Leverage Classifier: Another Look at Support Vector Machine

IF 1.2 3区数学 Q2 STATISTICS & PROBABILITY

Statistica Sinica Pub Date : 2023-08-23 DOI:10.5705/ss.202023.0124

Yixin Han, Jun Yu, Nan Zhang, Cheng Meng, Ping Ma, Wenxuan Zhong, Changliang Zou

引用次数: 0

Abstract

Support vector machine (SVM) is a popular classifier known for accuracy, flexibility, and robustness. However, its intensive computation has hindered its application to large-scale datasets.
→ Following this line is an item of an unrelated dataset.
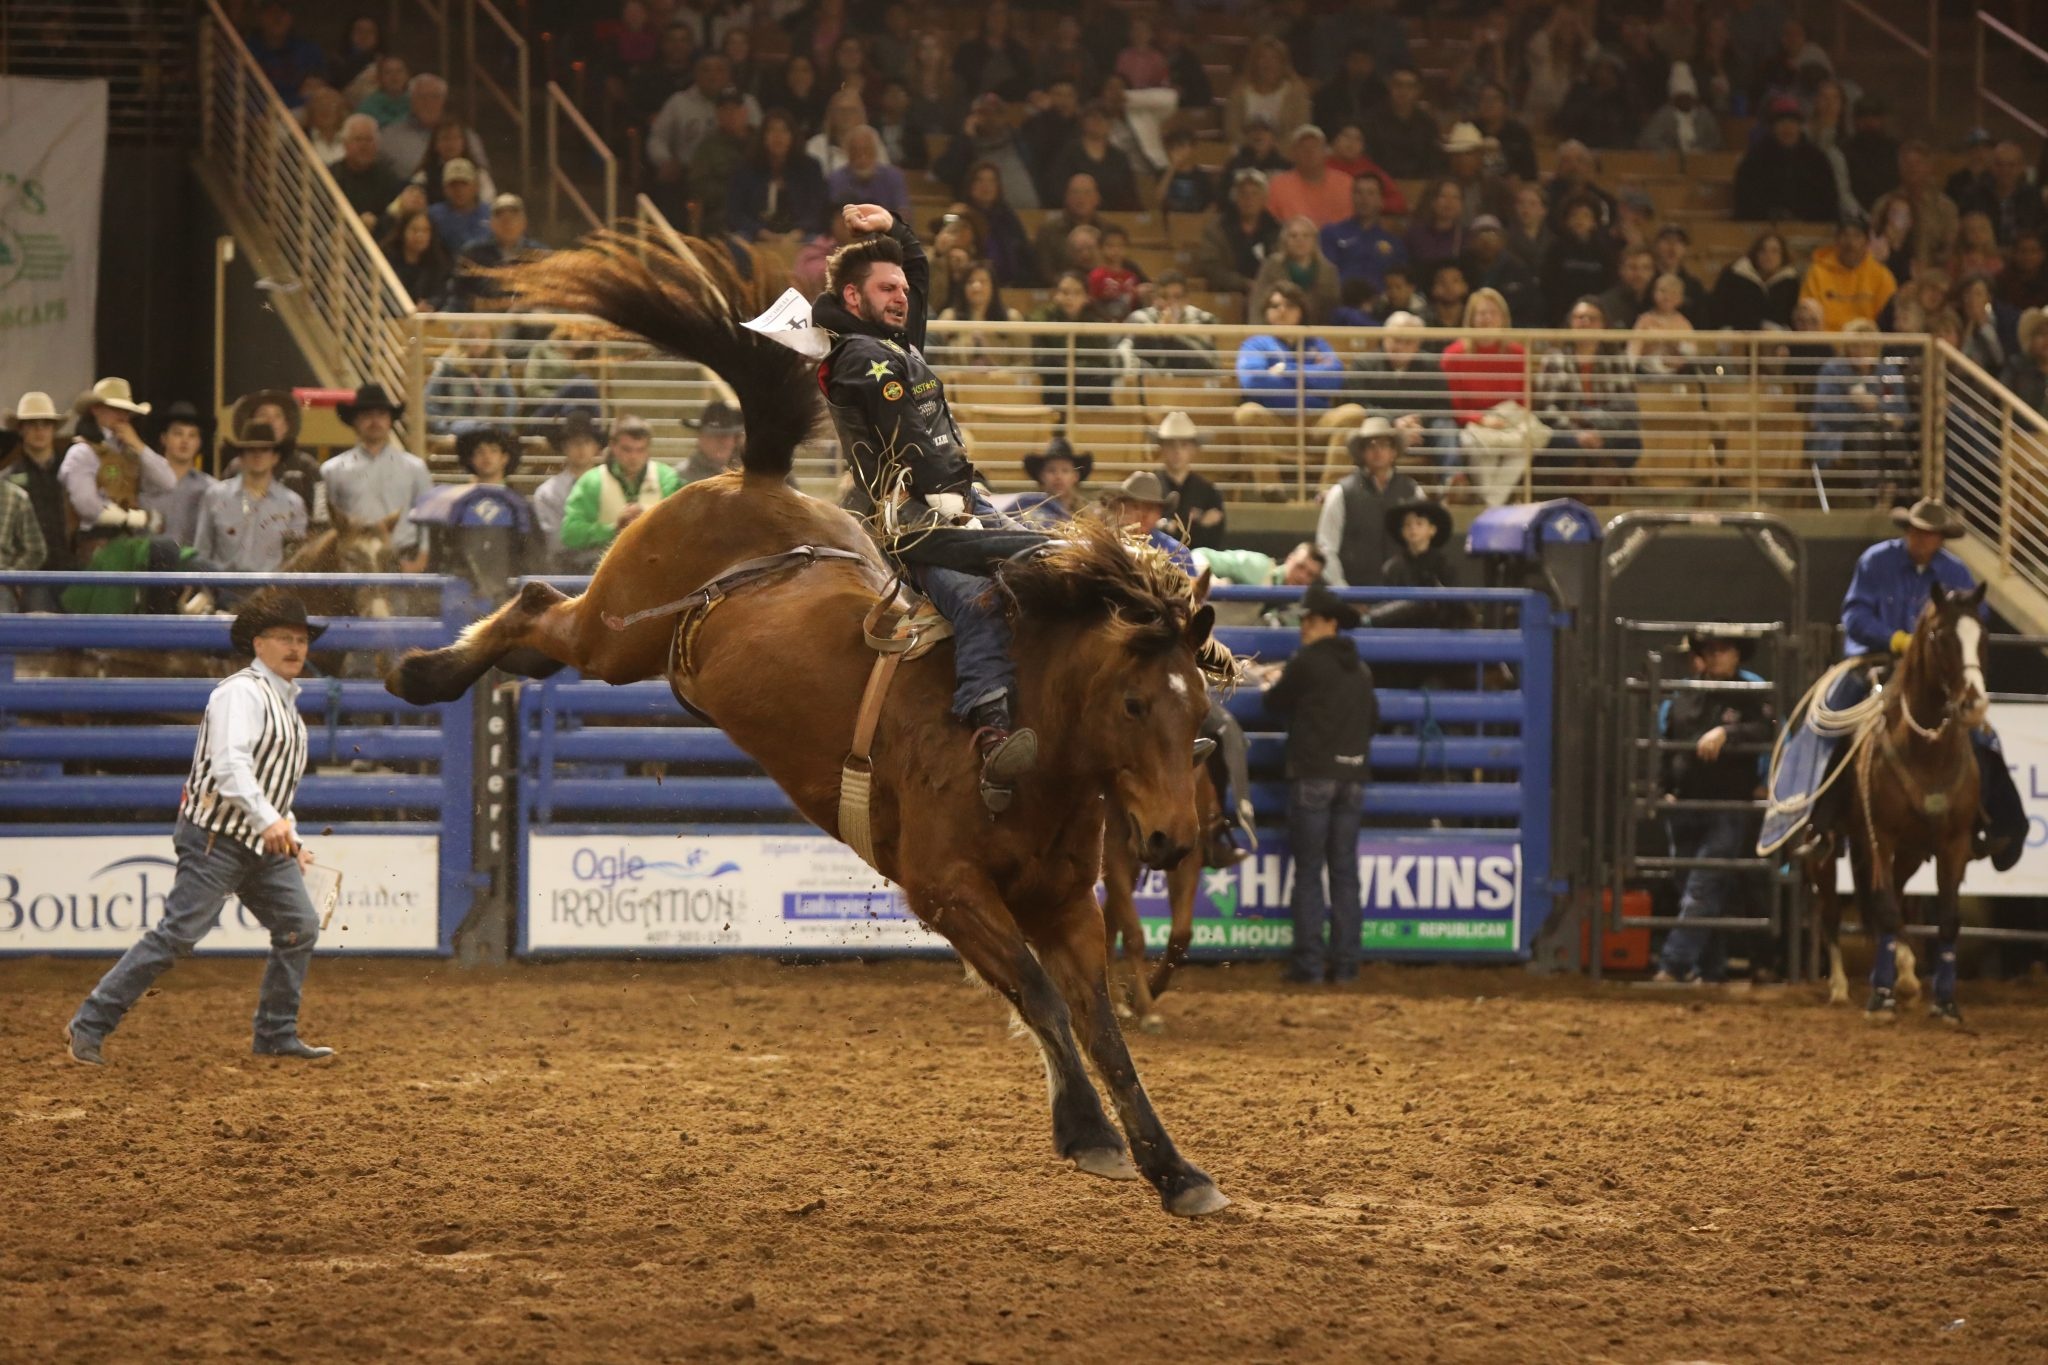 Rodeo: Silver Spurs Rodeo, Kissimmee, Mississippi, Equestrian sport. 2050x1370 HD Wallpaper.

In this paper, we propose a new optimal leverage classifier based on linear SVM under a nonseparable setting. Our classifier aims to select an informative subset of the training sample to reduce data size, enabling efficient computation while maintaining high accuracy. We take a novel view of SVM under the general subsampling framework and rigorously investigate the statistical properties. We propose a two-step subsampling procedure consisting of a pilot estimation of the optimal subsampling probabilities and a subsampling step to construct the classifier. We develop a new Bahadur representation of the SVM coefficients and derive unconditional asymptotic distribution and optimal subsampling probabilities without giving the full sample. Numerical results demonstrate that our classifiers outperform the existing methods in terms of estimation, computation, and prediction.

查看原文本刊更多论文

杠杆分类器:另看支持向量机

支持向量机（SVM）是一种流行的分类器，以其准确性、灵活性和鲁棒性而闻名。然而，其密集的计算阻碍了其在大规模数据集中的应用。在本文中，我们提出了一种新的基于线性SVM的不可分离设置下的最优杠杆分类器。我们的分类器旨在选择训练样本的信息子集，以减少数据大小，在保持高精度的同时实现高效计算。我们在一般的子采样框架下对支持向量机提出了一种新的观点，并严格研究了其统计特性。我们提出了一种两步子采样过程，包括最优子采样概率的导频估计和构造分类器的子采样步骤。我们开发了SVM系数的新的Bahadur表示，并在不给出全样本的情况下导出了无条件渐近分布和最优子采样概率。数值结果表明，我们的分类器在估计、计算和预测方面优于现有的方法。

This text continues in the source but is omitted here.